FAD Magazine covers contemporary art – News, Exhibitions and Interviews reported on from London

Jonny Briggs Answers FADs Questions Catlin Art Prize Shortlist number ONE

20120312-151601.jpg

1.If you weren’t an artist, what else would you be?
I have been interested in psychology for a long time, and I think it’s likely I will have followed my interest in people and the importance of our childhoods through studying developmental psychology and psychoanalysis, perhaps leading on to a career in counselling.

2. Can you tell us more about your work and what are the main ideas you would like to express?
For the past 8 years I have been making work involving my parents and self, exploring our characters and relationships from childhood through to adulthood. My parents played important roles in socialising me as I’ve grown up, during which I’ve learnt to think outside of this reality I’ve been born into. I attempt to strip back these years of conditioning and go back to a time where I had yet to discover what was normal and abnormal, what we are expected to do and ways in which we are expected to think. To escape traditions, social norms and go back to my raw, natural, intuitive childhood self.

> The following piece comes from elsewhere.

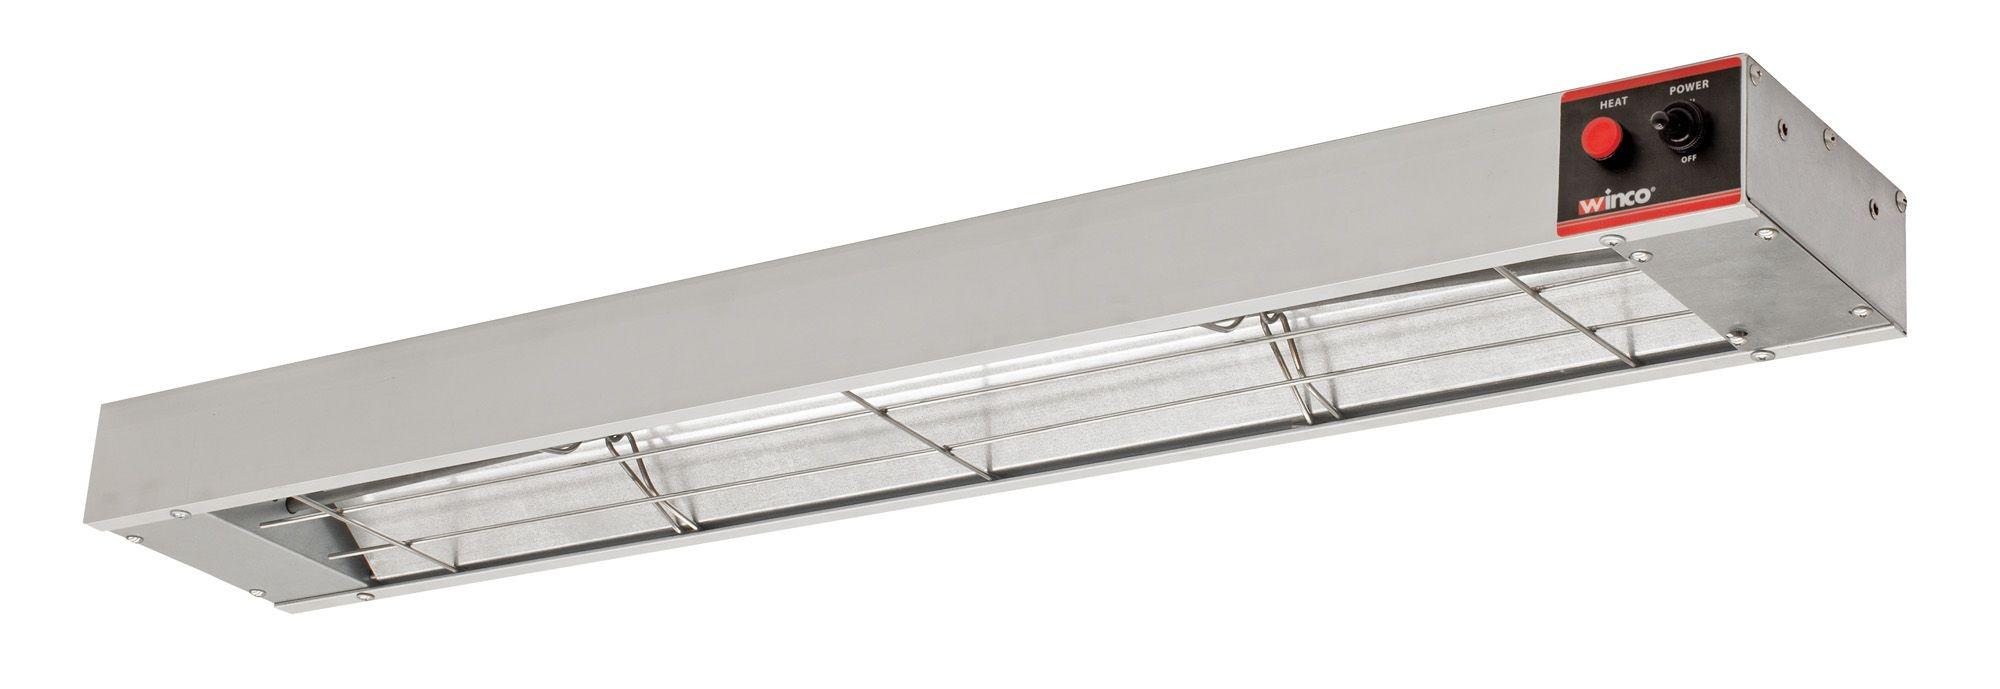 "Winco ESH-36 36"" Electric Infrared Strip Heater"

Through making seemingly artificial photographs of alternative realities juxtaposed I reference the cartoonesque and performative and attempt to suspend the viewer’s belief of what’s real and what’s not. This confusion of reality is a departure from my adulthood assumptions about the world, and is the keystone back to a childhood state of mind where anything is possible. In this state of mind I love the ability to think without boundaries, categories and words and through the work I attempt to blur boundaries between child and adult, self and other, human and animal, fear and desire. With these I have the tools to question my beliefs and where they have come from, and think about the natural being inside my cultural mask.

3. How do you start the process of making work?
The way I like to make work is an intuitive one, which often reminds me of playing as a child. I have an idea that feels right to me, before I know why. It seems to take my thoughts a while to catch up with my feelings, and attempt to communicate what the feelings are about.

4. Do you consider the viewer, when making your work?
Yes, I find the viewer important. There is so much that I get from the work personally, and a lot of the work is a personal exploration, and showing the work to others, expressing these ideas and putting them out there, hearing the thoughts and perspectives of other people are all important to this personal exploration. Most of all I find my parents important viewers to the work.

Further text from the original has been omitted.